I knew when Floyd touched me in the church that Elikah would be furious. I had thought he would let me explain. In my wildest imagination, I’d never thought he would nearly kill me. I’d expected a spanking. A hard one. But not a savage beating. But I couldn’t deny that I had let Floyd touch me in a familiar way. In public. Janelle had warned me of the consequences, the fury that any husband would display.
The hours of the day passed as I worried the knot of my problems. Doc Westfall came every day, checking the stove to make sure that Elikah was feeding me properly. My teeth had miraculously stabilized, but he warned me to eat only soft foods. The bleeding had stopped once again, and though Doc was curious about my “initial incident,” he didn’t ask any questions that I couldn’t avoid. He told me that after the scene at Red’s funeral, JoHanna and Duncan had returned to Fitler. He said that word had come back to him that Duncan was finally walking a little. Even though the days were cooler, JoHanna was taking her to the river every day for her exercises.

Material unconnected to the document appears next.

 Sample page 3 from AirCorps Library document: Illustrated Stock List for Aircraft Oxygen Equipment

There was no mention of John Doggett, and I came to believe that he had been part of a dream. His image haunted me in my sleep, a tall, silent man who required no words to make his presence felt. He stood behind JoHanna whenever she came into my nether world. Was he guarding her or threatening her; I couldn’t determine. He grew more dreamlike with each encounter. John Doggett was the first warning that I was having difficulty discerning past from present, real from remembered.

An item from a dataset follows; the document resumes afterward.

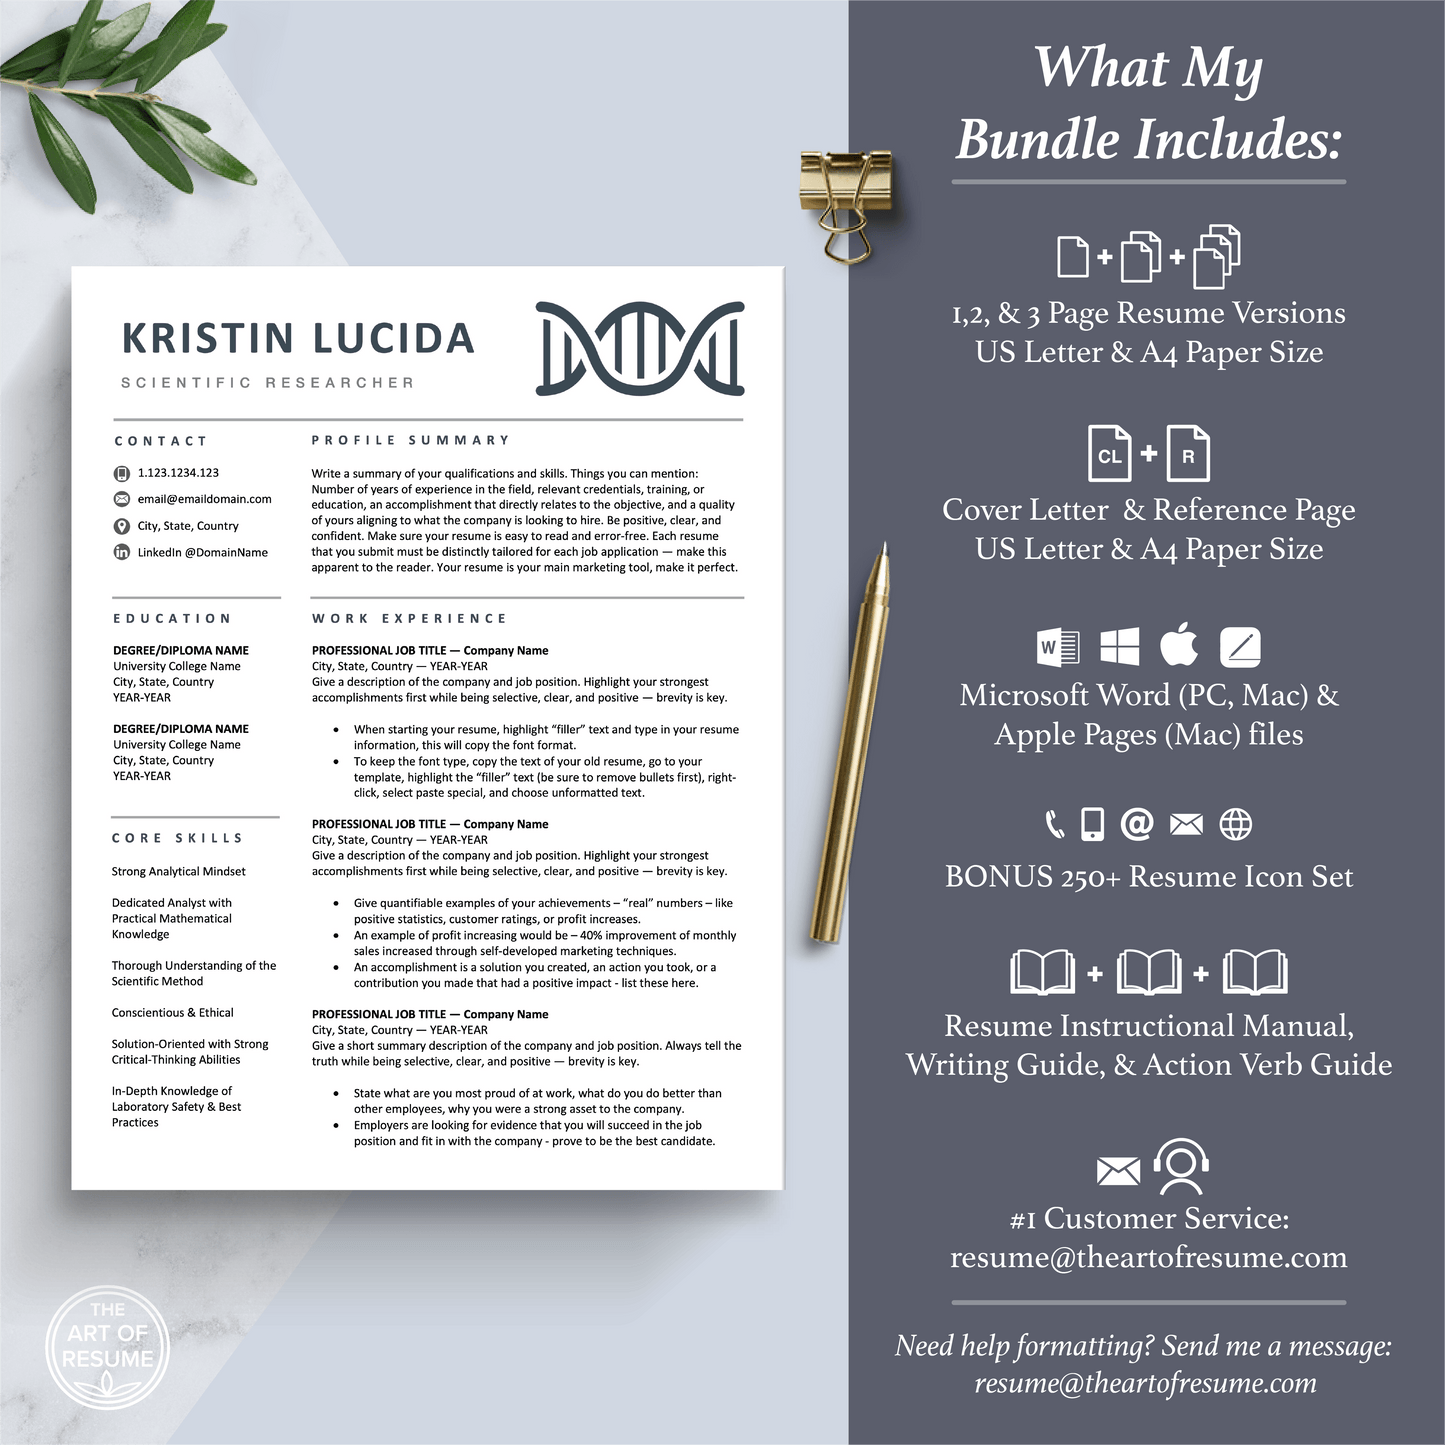 The Art of Resume Templates |  Scientist, Biochemist, Lab Researcher, Student, Teacher DNA Helix Resume CV Template Maker 3, Cover Letter, Reference Page, Mac, PC, A4 Paper, US size, Free Guide, The Art of Resume Writing, 250 Bonus Resume Icons

I moved about the house, tracking the rising and setting of the sun. Looking out the front windows I watched the storm clouds gather while the sun burned golden among the changing colors of the single sycamore tree in the empty lot across the street. I fancied myself a little girl again, scuffing through the first crisping leaves that had fallen. Sitting at my window, I could feel the delicious crunch beneath my feet. The long walk on the way to school. The first cedar smell of unpacked sweaters. Thick socks. Fall. My favorite of all the seasons.
As the pains in my body lessened, I was able to reconstruct the small fragments of joy from long ago. More familiar than the present was my fancy, single moments of the past spun into days where all of my senses were amazingly acute, and there was no suffering, no cruelty. Elikah would come home to find me at the window, gazing out into some scene I’d taken from the past and embellished and carved until it was as real as the touch of the windowsill beneath my hand. With a queer kindness, he would lead me back to bed and feed me, talking of this and that, trying to draw my interest in a place and a people I had never known and completely wiped from my mind.